C’était la première fois qu’il foulait le sol du pays des Hommes intègres, en 2019. Il tenait avant tout à rendre hommage au capitaine Sankara. Les larmes qu’il versait au Conseil de l’entente, le lieu de l’assassinat de Thomas Isidore Sankara, ne suffisaient toujours pas. Il lui fallait nécessairement rendre hommage au leader de la révolution burkinabè, autrement. Et, pour lui, en se rendant sur sa tombe, à Dagnoén, c’était l’ultime façon « de communier avec le révolutionnaire », d’août 1983, comme lui-même se le murmurait. Il s’est agenouillé, et a pleuré sur le sépulcre du capitaine Sankara ; c’était pour lui « un pèlerinage ». Comme s’il en fallait plus, il se promettait, les larmes aux yeux, accroupi devant l’effigie de Thomas Sankara, le lieu même de sa mort, de « lui bâtir un monument. Un monument de l’un des plus grands visionnaires d’Afrique, qui l’établira comme l’origine de l’initiative de la Grande muraille verte pour le Sahel ». Un projet qui veut reboiser, développer toute la bande sahélienne. Un an après (18 mai 2019 au 18 mai 2020), le rêve de l’écrivain irlandais Don Bosco Mullan, demeure. Mais, il ne réalisera plus dans un grand carrefour de Ouagadougou, mais à Addis-Ababa, au siège de l’Union africaine.

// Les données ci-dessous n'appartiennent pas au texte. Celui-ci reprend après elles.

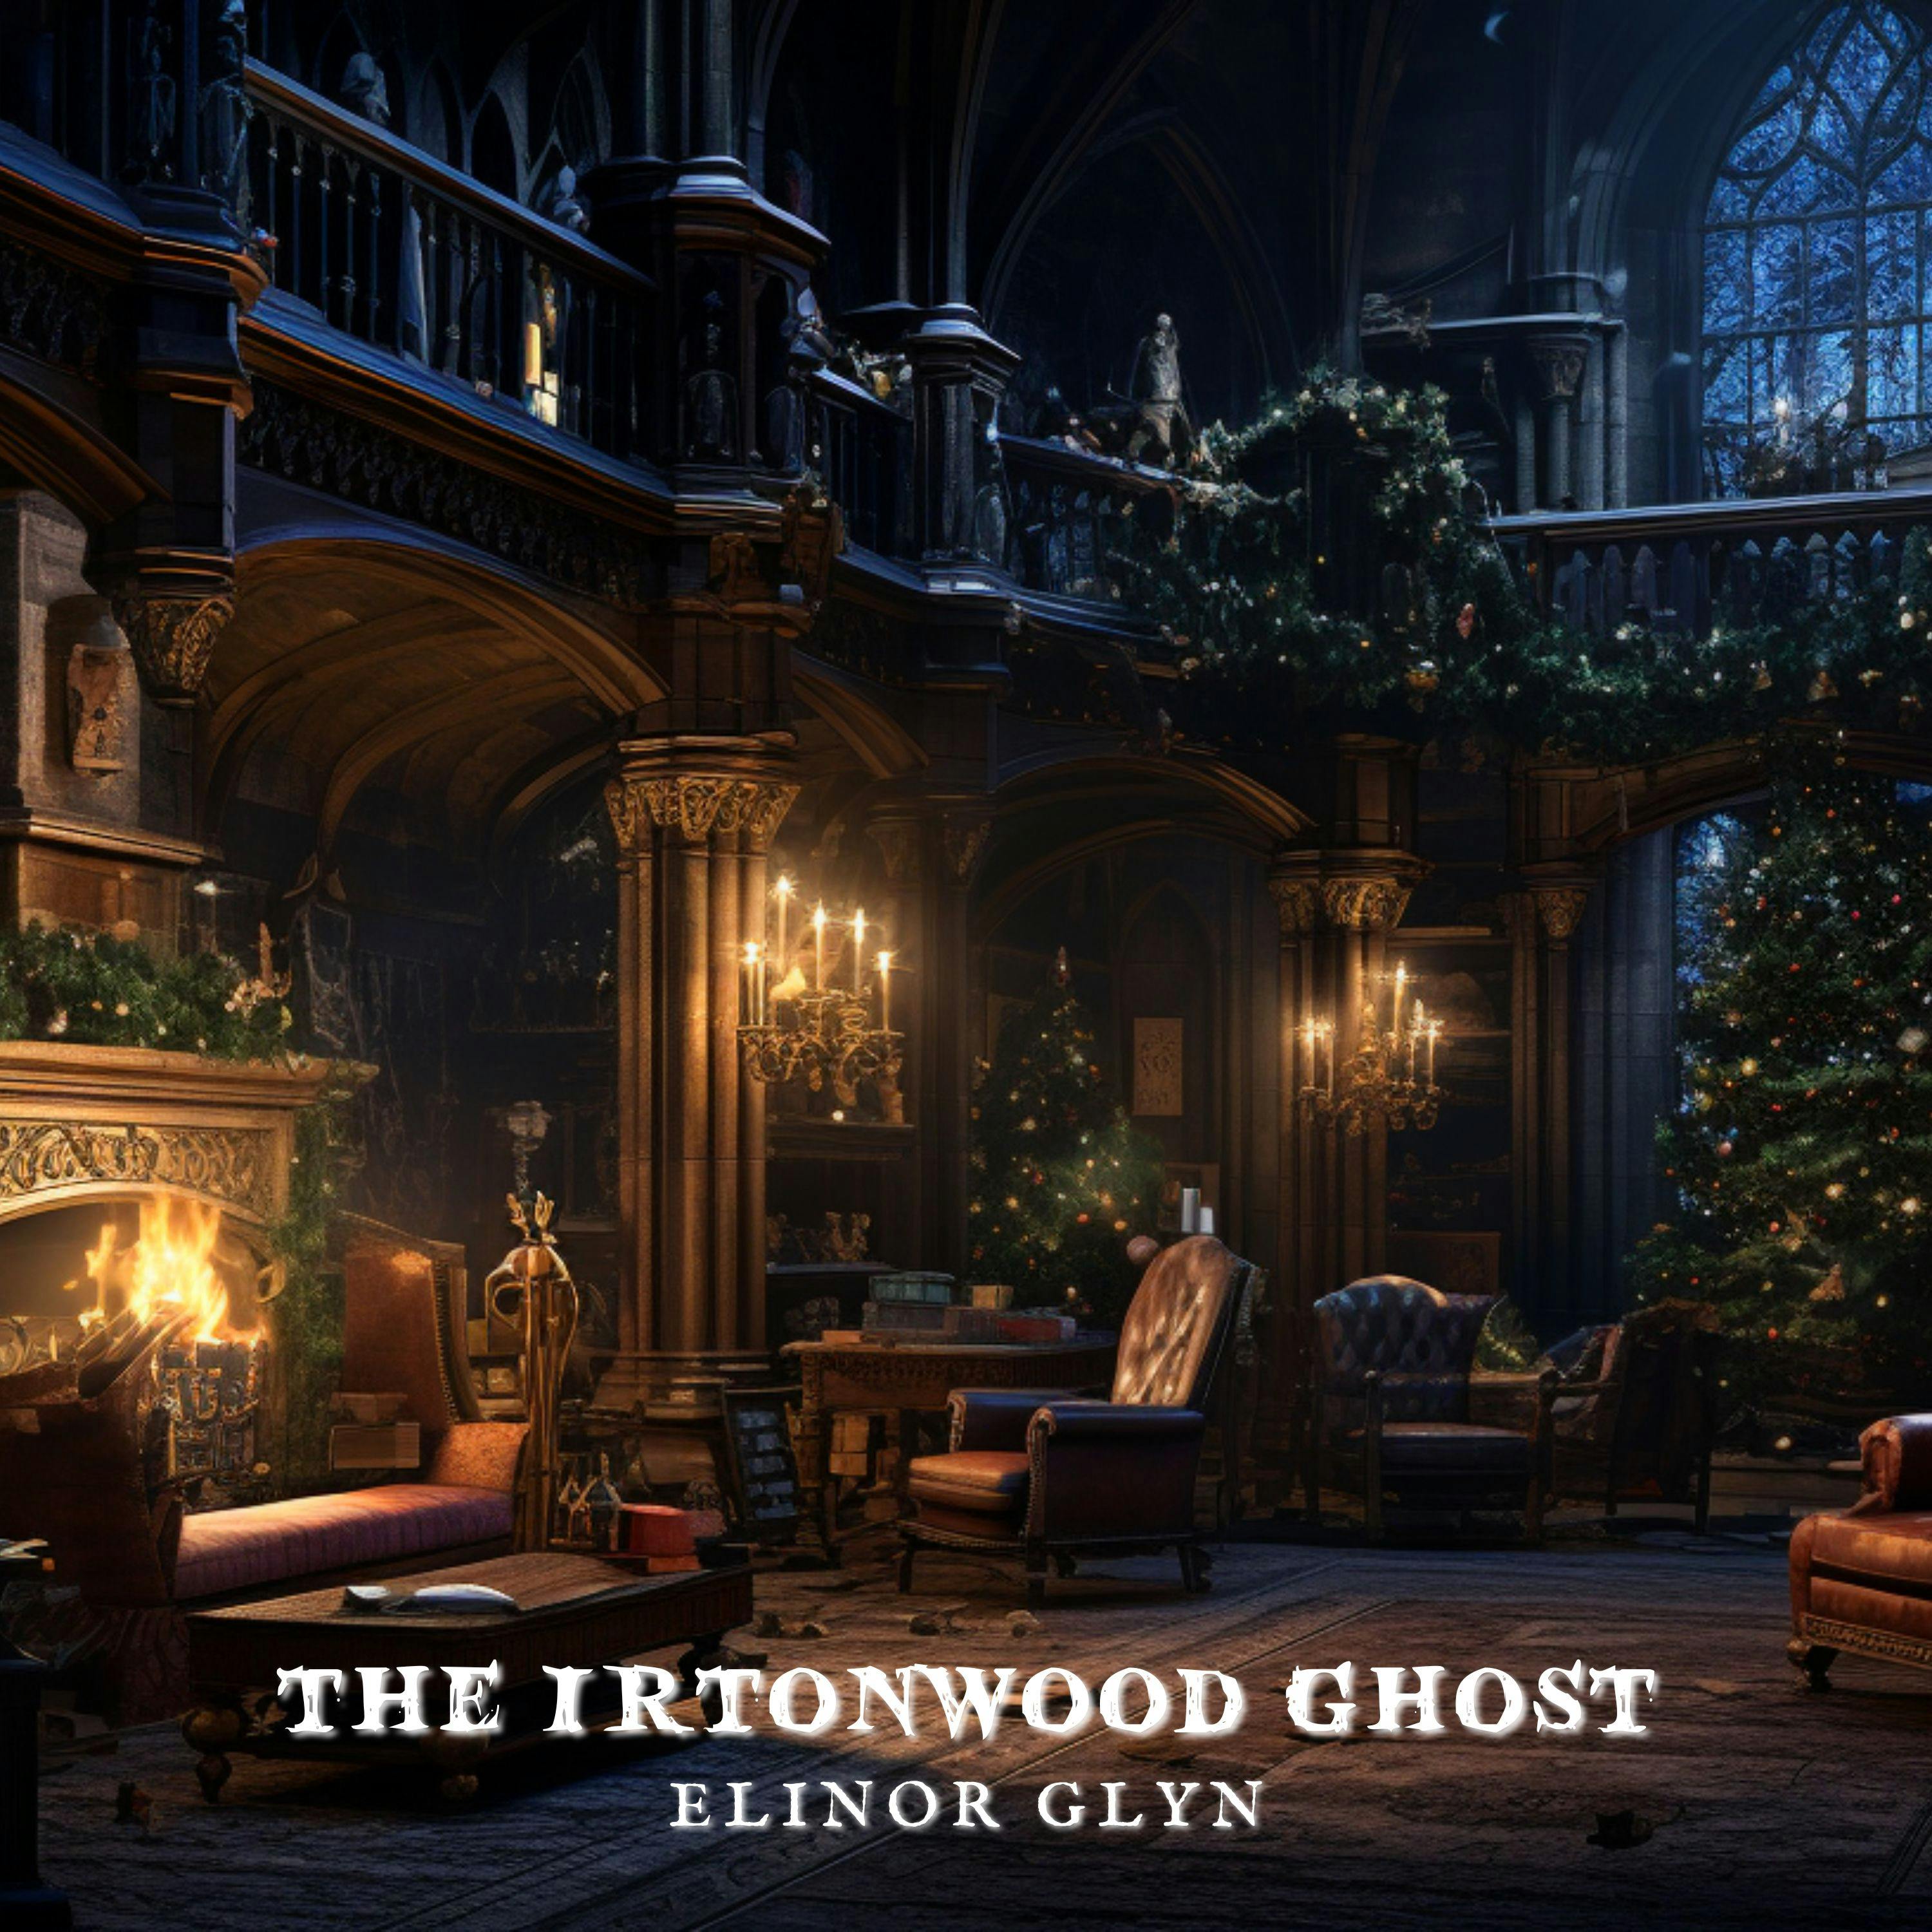 The Irtonwood Ghost by Elinor Glyn

Dans une correspondance adressée à son ami, un journaliste burkinabè, dont nous avons obtenu copie, l’écrivain irlandais Don Bosco Mullan écrit : « Je voudrais que tu prennes contact avec la famille de Thomas Sankara, pour obtenir sa permission et sa coopération dans l’idée de bâtir un monument. Un monument de l’un des plus grands visionnaires d’Afrique ».

Cette correspondance fait suite à un premier écrit en 2019, dans lequel l’écrivain Don Bosco Mullan manifestait son désir de construire un monument en hommage au capitaine Sankara, dans une grande rue de Ouagadougou. En effet, alors qu’il était en mai 2019 dans la capitale burkinabè, au contact de certaines autorités politiques et religieuses, Don Bosco Mullan ne manquait pas de répéter : « La mise en œuvre de l’idéologie sankariste pouvait allier le développement économique, écologique, social et humain de façon harmonieuse pour l’Afrique ».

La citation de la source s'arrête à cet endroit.